S.Aussie Grid World’s 1st to Reach Zero Demand, Rooftop Solar Was Key

Highlights :

  • South Australia is the first gigawatt-scale power system in the world to approach zero operational demand due to such high proportions of demand being met by distributed energy resources (DER) such as rooftop solar, says the Australian Energy Market Operator (AEMO).
  • DERs are growing rapidly in the region, with more than 200 megawatts (MW) per year being installed in South Australia.
S.Aussie Grid World’s 1st to Reach Zero Demand, Rooftop Solar Was Key

To its knowledge, says the Australian Energy Market Operator (AEMO), South Australia is the first gigawatt-scale power system in the world to approach zero operational demand due to such high proportions of demand being met by distributed energy resources (DER) such as rooftop solar.

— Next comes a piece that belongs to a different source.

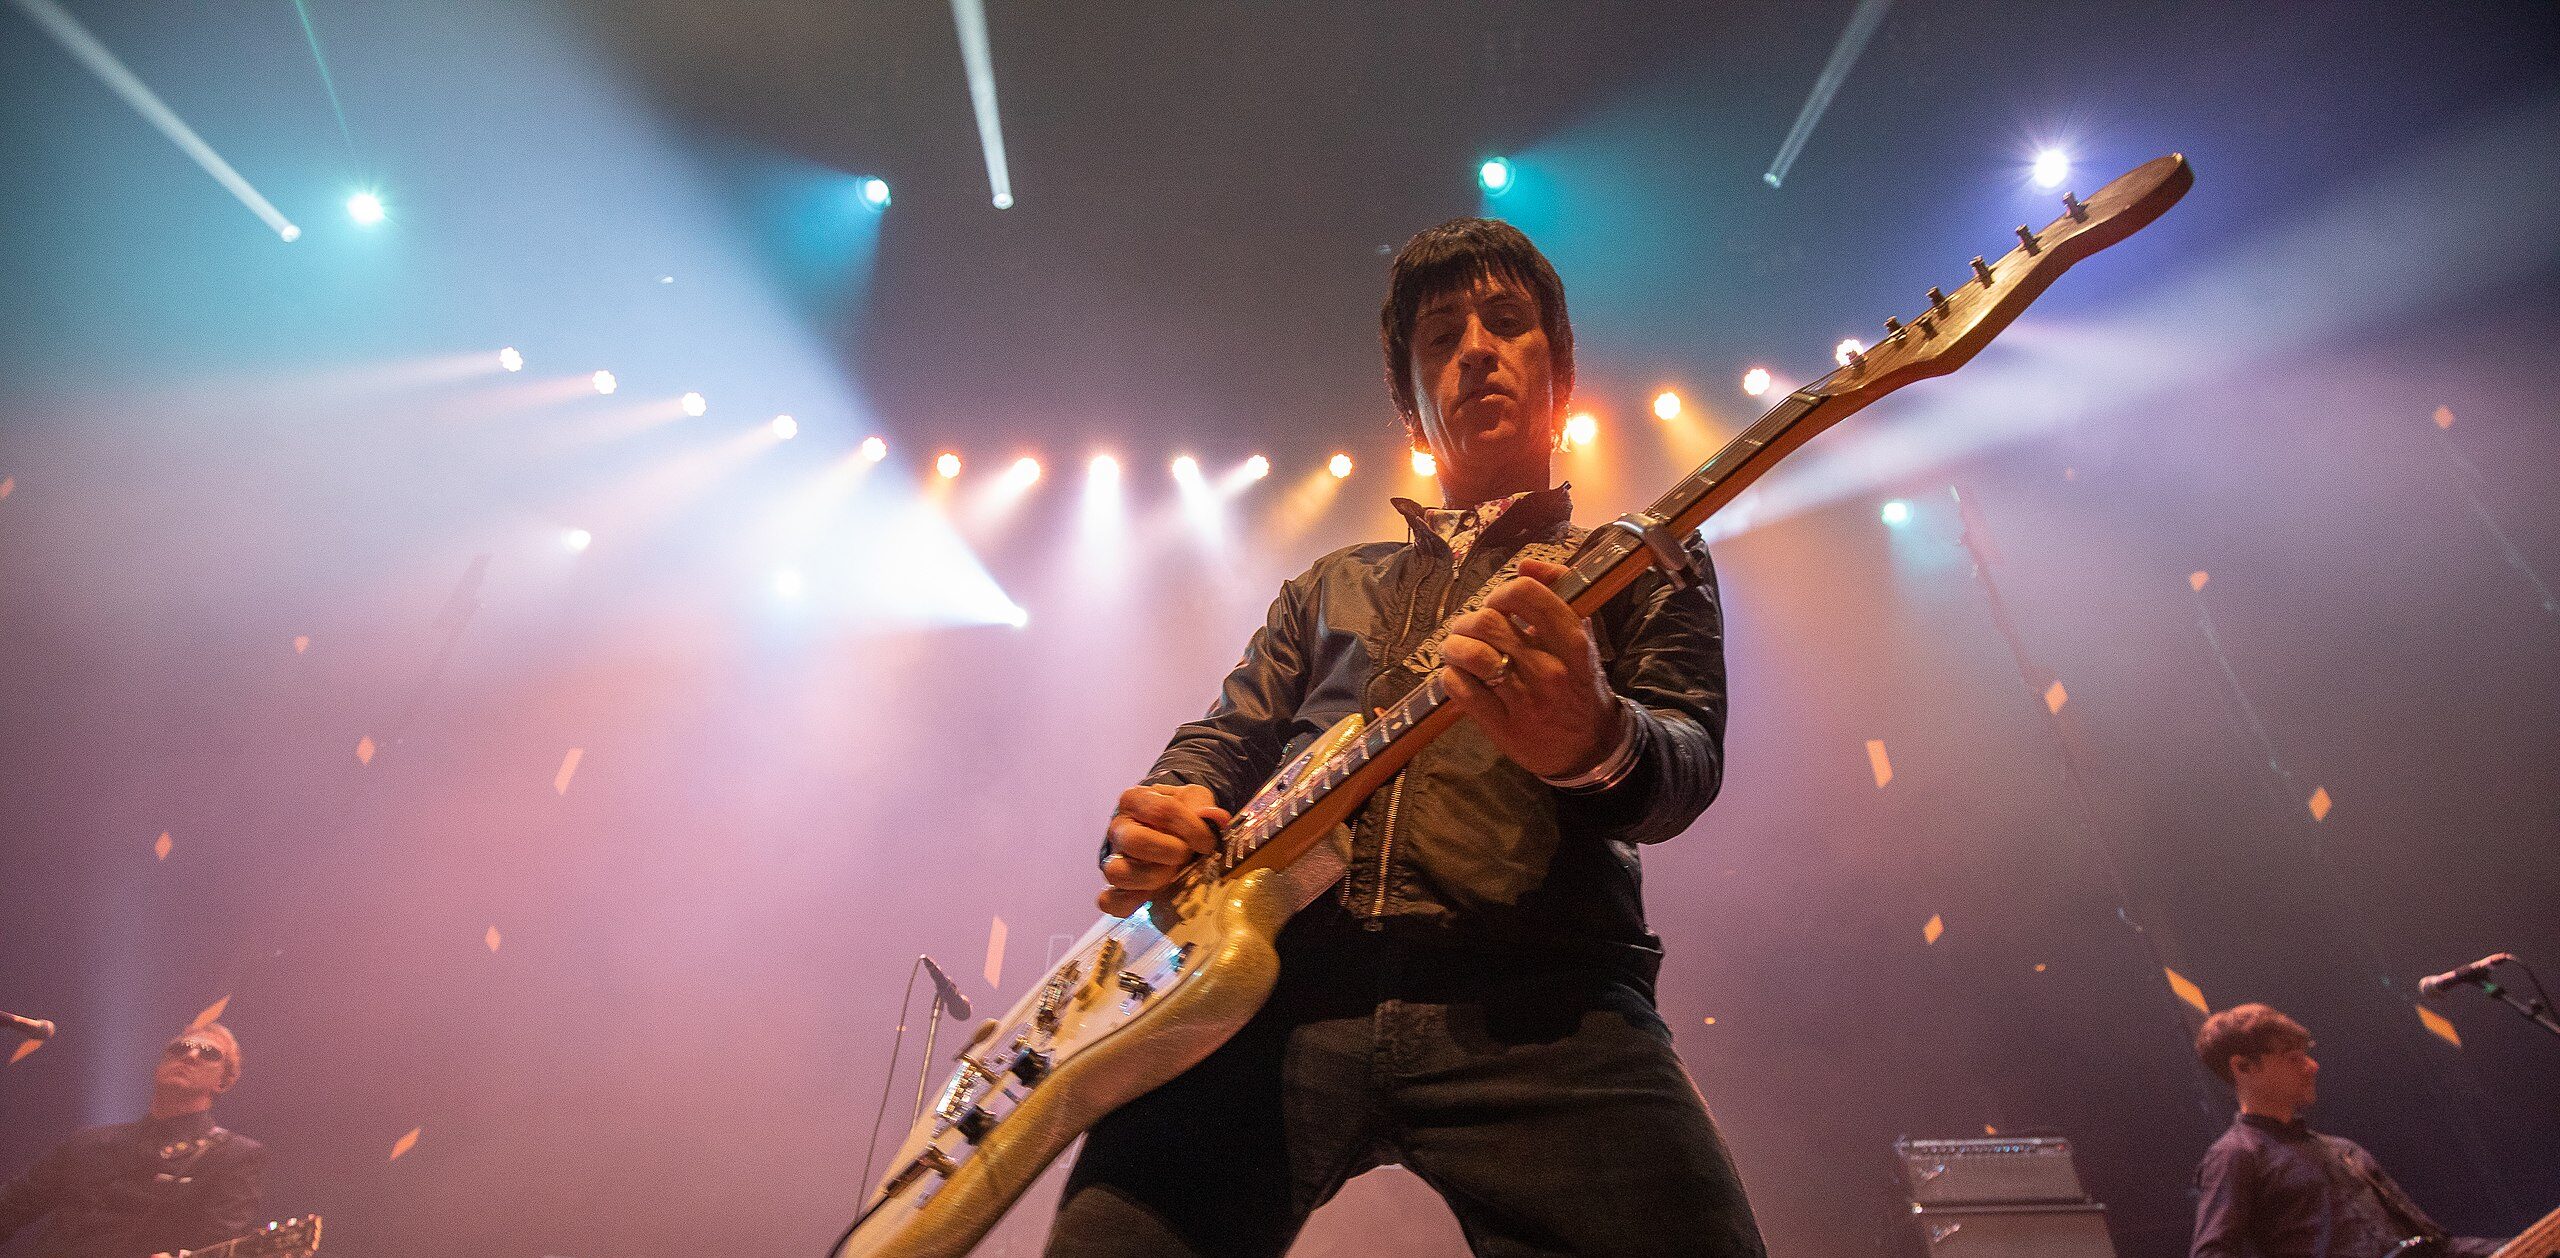 Johnny Marr playing guitar on stage.

DERs are growing rapidly in the region, with more than 200 megawatts (MW) per year being installed in South Australia. These generators sit behind a customer’s meter and are currently not separately measured by the system operator. The electricity generated by a solar system is therefore seen as a reduction in customer energy demand.

Under the most favourable conditions, operational demand in South Australia could reach zero as soon as late 2020, AEMO had previously said. “This is most likely to occur when there is a coincidence of mild temperatures, clear skies, and low economic activity (such as on a weekend or public holiday, combined with reduced industrial activity during spring and autumn),” it had added.

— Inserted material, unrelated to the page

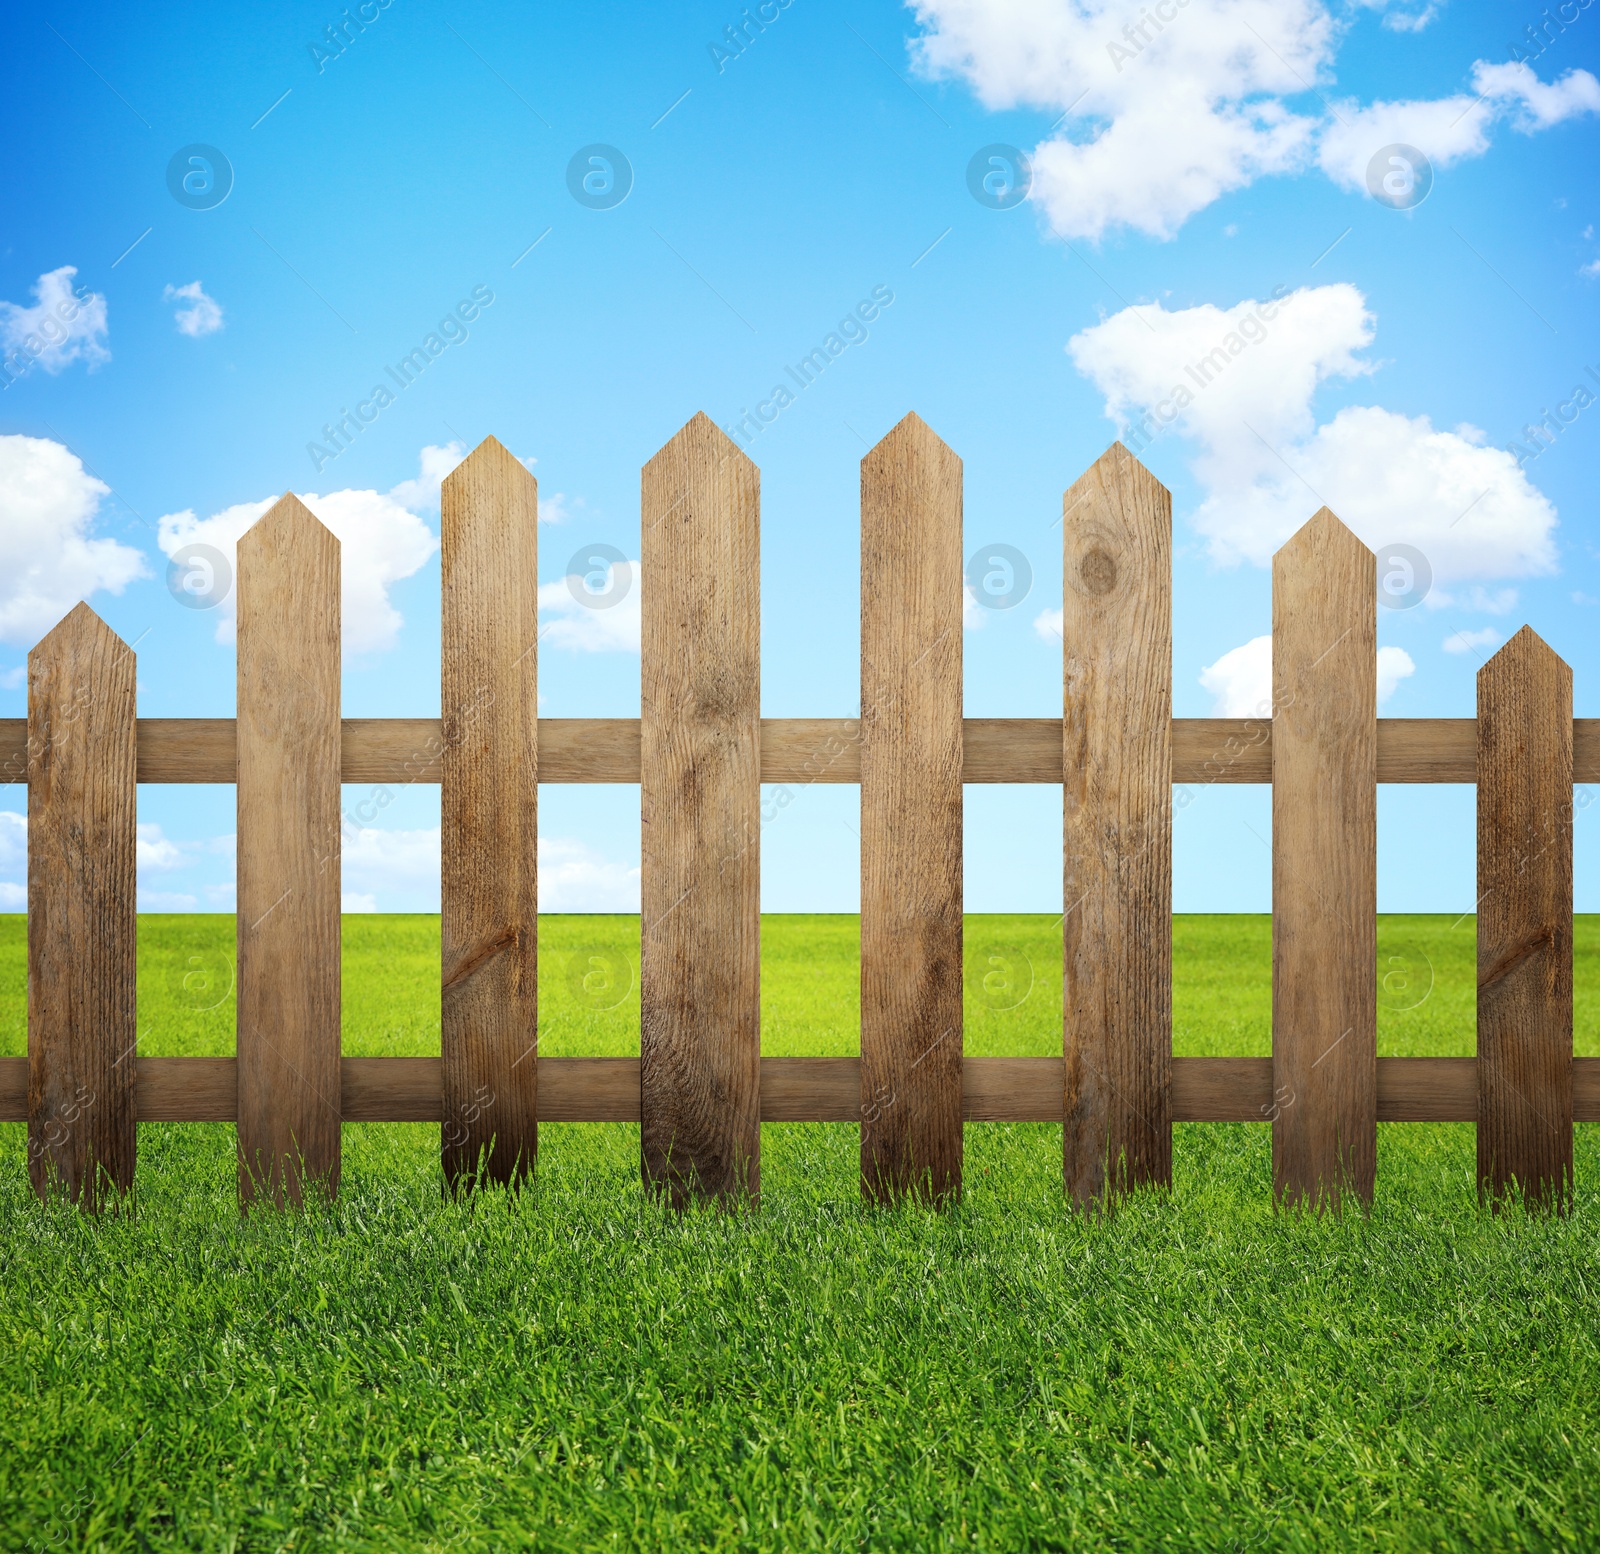 Image of Wooden fence and green grass under blue sky with clouds outdoors

And now the operator has confirmed that the above prediction pertaining to zero demand did indeed translate into reality this month. But one may wonder why minimum demand is important.

Electricity supply and demand must always be in balance to maintain a stable operating frequency of 50 Hertz, with AEMO required to maintain this frequency within tight bands during normal operation and when a fault occurs on the network. As part of power system balancing, AEMO dispatches large, grid scale generators to meet customer demand on the basis of a supply curve created from generator bids, from lowest to highest bid.

Accordingly, as demand from the grid decreases as more consumer needs are met from rooftop solar (and any excess exported to grid), less grid scale generation needs to be dispatched. When less grid scale generation is dispatched in the National Electricity Market (NEM), many of the essential system services they provide as a by-product of energy production are also reduced, in particular inertia, frequency control, voltage control, and system strength.

AEMO has conducted analyses to determine the minimum levels of system strength, inertia and frequency control that are required in South Australia to ensure secure operation under a range of scenarios. The most challenging scenario to operate the system is if South Australia is separated (islanded) from the rest of the National Electricity Market (NEM), as occurred for a number of weeks in early 2020.

AEMO states that it currently maintains secure operation of the electricity system by requiring a minimum number of grid scale generating units to be on at all times, as well as procuring essential frequency control services. To achieve this in an islanded situation or during periods of elevated risk of islanding, there must be sufficient demand from the grid to ensure that the minimum amount of generation required for secure operations is in balance and that the system can withstand an unexpected fault in the network.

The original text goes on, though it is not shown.